Se você parar para ver os telejornais, inevitavelmente assistirá às reportagens sobre a vacina contra a covid-19. E, nessas reportagens, verá meia dúzia de vezes a cena daquela agulha entrando no braço de quem se vacina. É uma agulha comprida. Terá... o quê? Uns quatro centímetros? Por aí. E os enfermeiros introduzem-na inteira no músculo da pessoa, antes de premer o êmbolo da seringa.
Contei, outro dia, na rádio, que a Marcinha não pode ver essa cena. Quando vê, ela geme, “ai!”, e vira o rosto para o lado.
Foi eu contar isso e vários ouvintes me mandaram e-mails dizendo que eles também têm problemas com a visão de agulhas penetrando braços indefesos. Trata-se do ancestral medo de injeção, que nos assola desde a infância.
Fiquei pensando se, diante daquela cena, alguns não desistem de tomar a vacina por medo da picada. Porque tem de haver um motivo psicológico profundo para os que se negam a se vacinar, que não são tão poucos assim.

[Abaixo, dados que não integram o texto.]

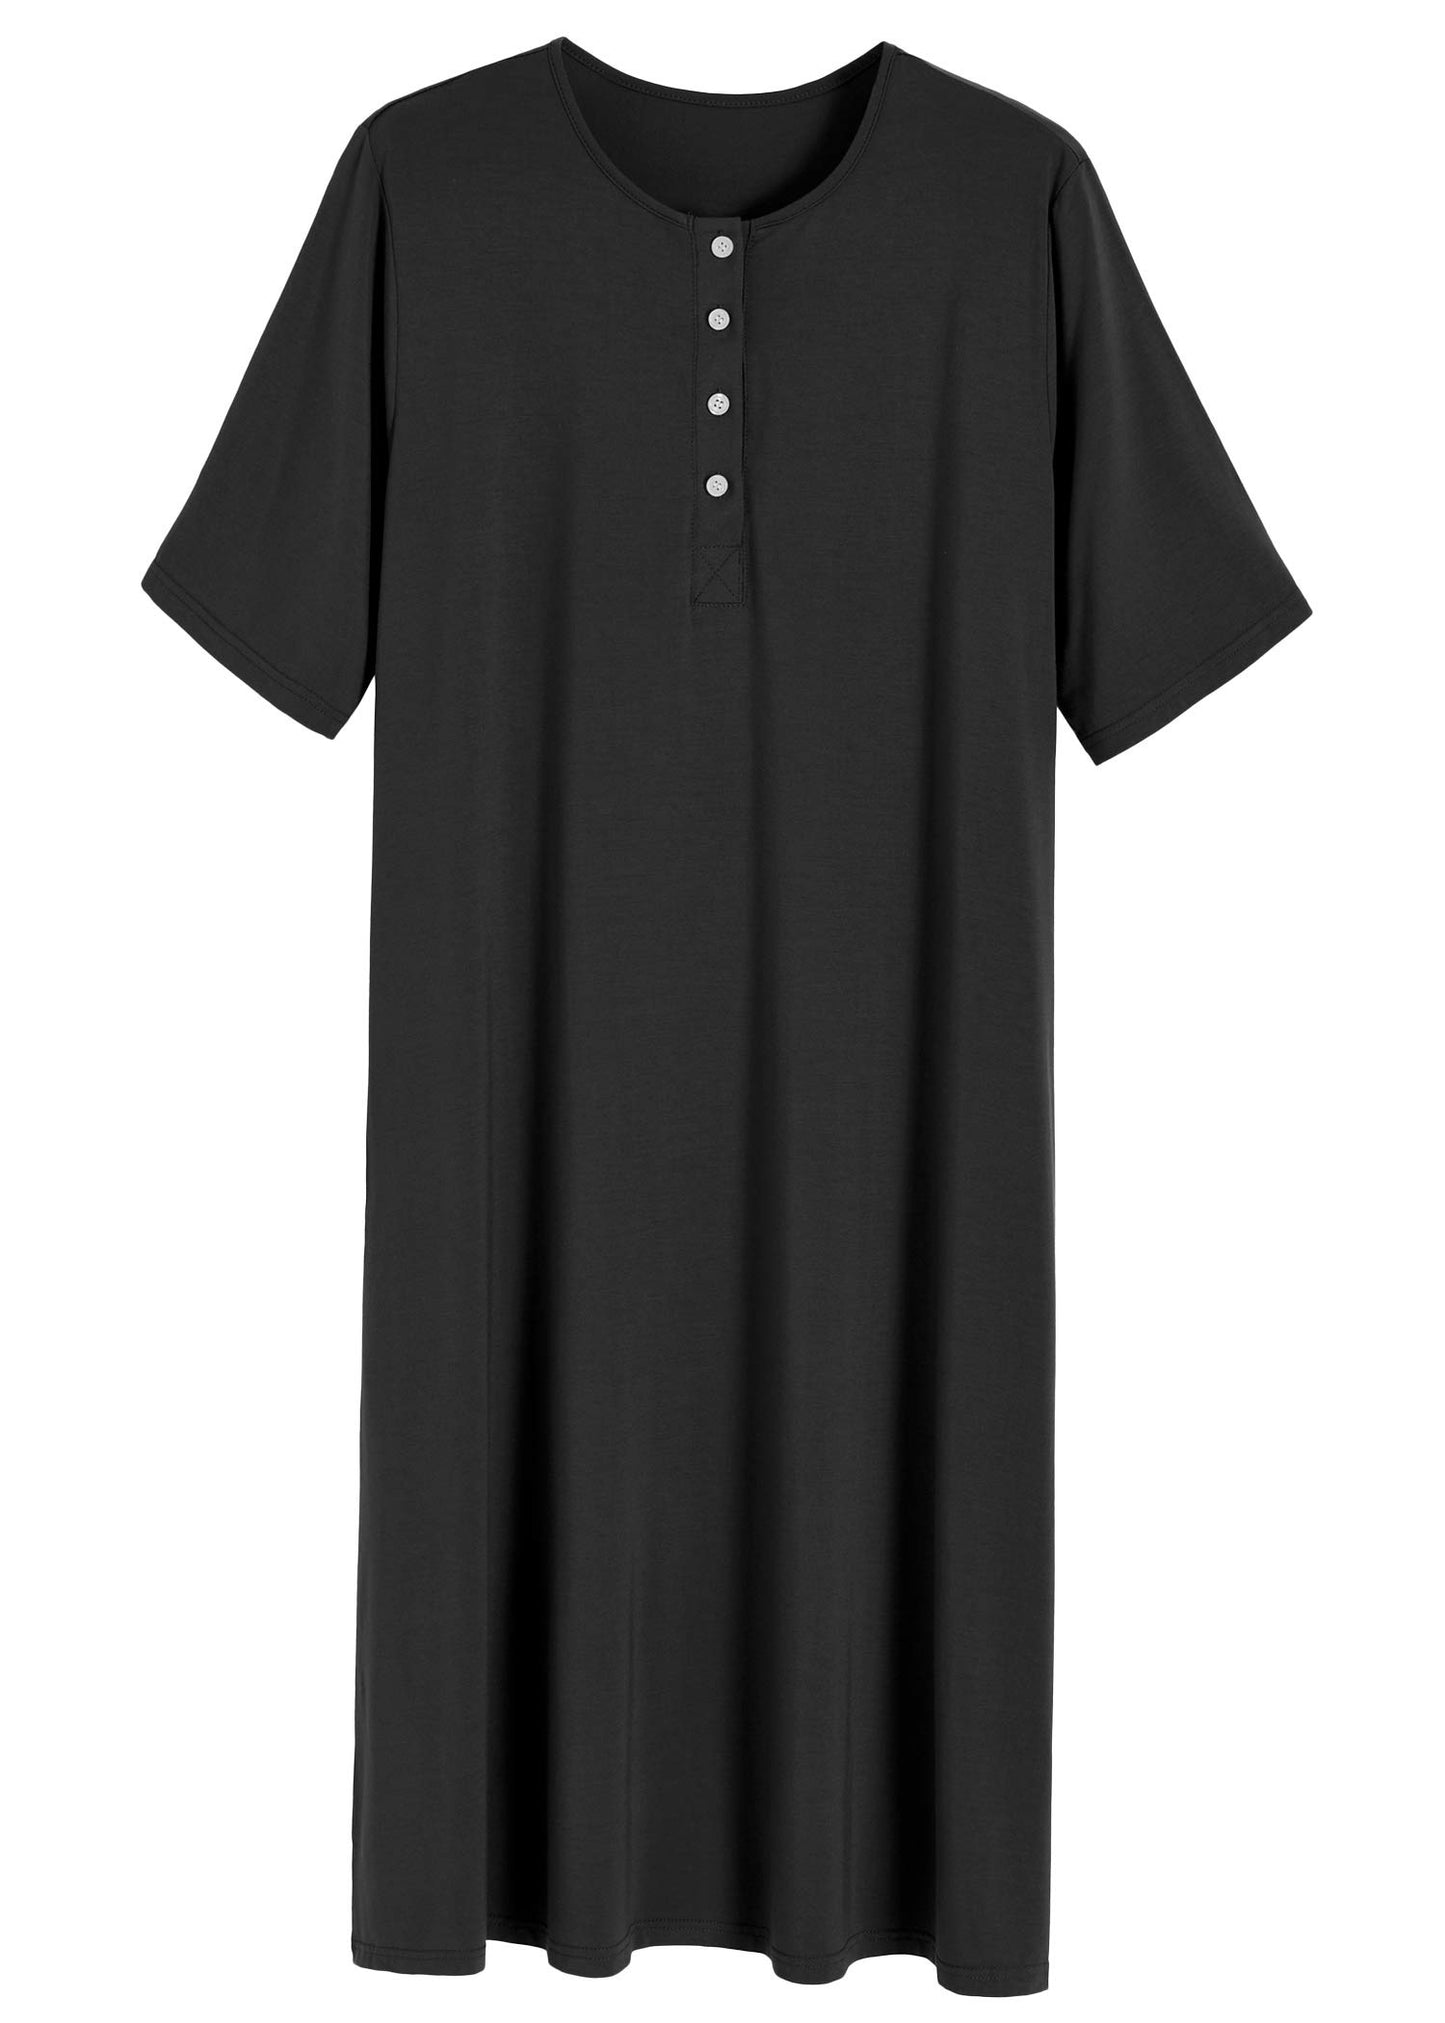 Women's Long Sleep Shirt Henley Nightshirt with Pockets - Latuza

Até entendo que o princípio da vacina pode ser assustador. Afinal, um simulacro da doença é inoculado em você a fim de alertar o seu sistema de defesa. Isso é perturbador. Na Revolta da Vacina, de 1904, até cabeças privilegiadas, como a de Ruy Barbosa, se rebelaram contra essa ideia. Em discurso no Senado, ele vociferou:
“Assim como o direito veda ao poder humano invadir-nos a consciência, assim lhe veda transpor a epiderme. Logo, não tem nome, na categoria dos crimes do poder, a temeridade, a violência, a tirania a que ele se aventura, expondo-se, voluntariamente, obstinadamente, a me envenenar, com a introdução no meu sangue de um vírus em cuja influência existem os mais fundados receios de que seja condutor da moléstia ou da morte!”
Mas isso foi há quase 120 anos. De lá para cá, as pessoas se acostumaram a tomar vacinas. O meu filho, quando nasceu, estava nos meus braços depois de ter tomado seu primeiro banho, quando a enfermeira veio de lá com uma injeção GIGANTE.
— O que é isso? — perguntei, receoso.
— Vacina.
E, em seguida, sem me dar muita atenção, ela simplesmente tomou a perninha do menino e lhe enfiou aquela lança, tão grande que acho que poderia atravessá-lo. Meu filho, obviamente, começou a chorar, chocado com aquela primeiríssima agressão do mundo exterior, enquanto eu tentava consolá-lo, embalando-o. Quando finalmente consegui fazer com que ele se acalmasse, a enfermeira voltou com outra injeção.
— Mais uma vacina? — me surpreendi.
— Mais uma — ela disse, e rapidamente tomou a outra perninha do menino e PÁ!, deu-lhe outra agulhada. E o meu filho, mais uma vez, caiu num pranto entremeado de soluços, constatando, tão cedo, que aqui é mesmo um vale de lágrimas.
De lá para cá, ele tomou dezenas de vacinas. Dezenas. Aí é que está: todo mundo toma vacina. Por que esse drama, agora, com a necessária vacina contra a covid-19? Vocês não entenderam ainda que todo mundo tem de se vacinar para podermos sair juntos dessa enrascada? Chega de medinho! Chega de frescura! Vai se vacinar, rapaz!